There times when I been off and on in wheelchair and walking support until 9 before my tenth birthday I went to doctor appointment and told the doctor would he help get out wheelchair my back no longer look like a letter C. He told me as little girl to my mother that he would help me get out wheelchair I went the Circus before my very last surgeon on my back I has 29+ over my whole entire life. I went into surgeon and left 3 weeks later on my feet without a wheelchair and walking support on my 10th birthday I only had use walker until I recovered. Then after time went by I was walking on my own and I was so happy.
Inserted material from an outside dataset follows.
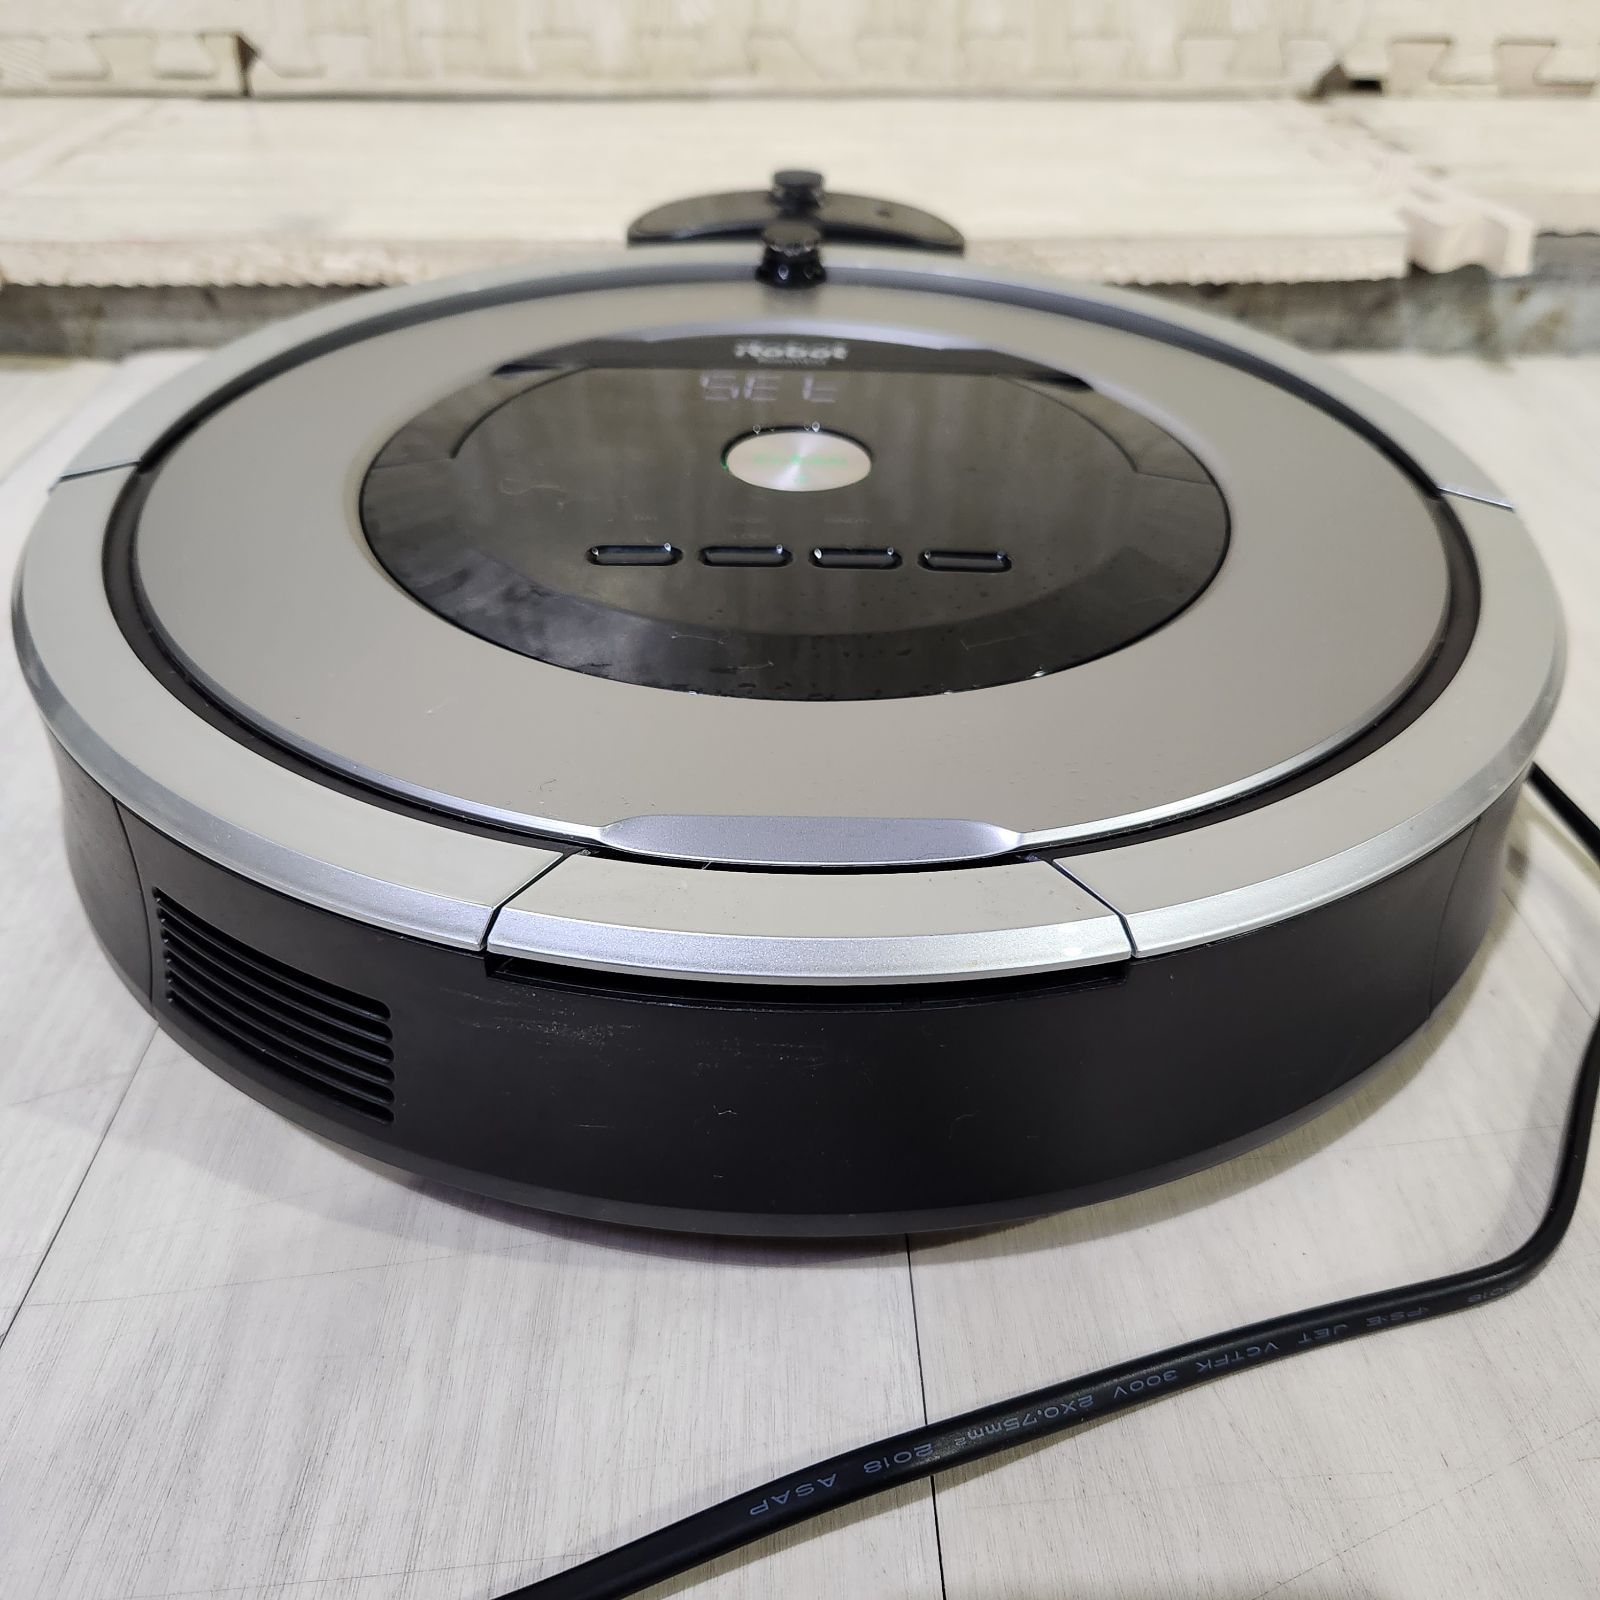 ロボット掃除機 iRobot Roomba 876 - 掃除機・クリーナー

No one can explain how I went school like everyone else, how I can speak you today about my story and how I can walk on my own. I previously months ago felt feelings on left foot the very first time I cried. I think Lord everyday for saving me when I was three, he always saved me and kept me alive this whole time to share what I gone through. So one day I hope I meet someone special my dreams are get married someday and have children of my own. :') I want share my heart and my strength one day with someone I can love for rest my life. I am young, I am walking and I am alive.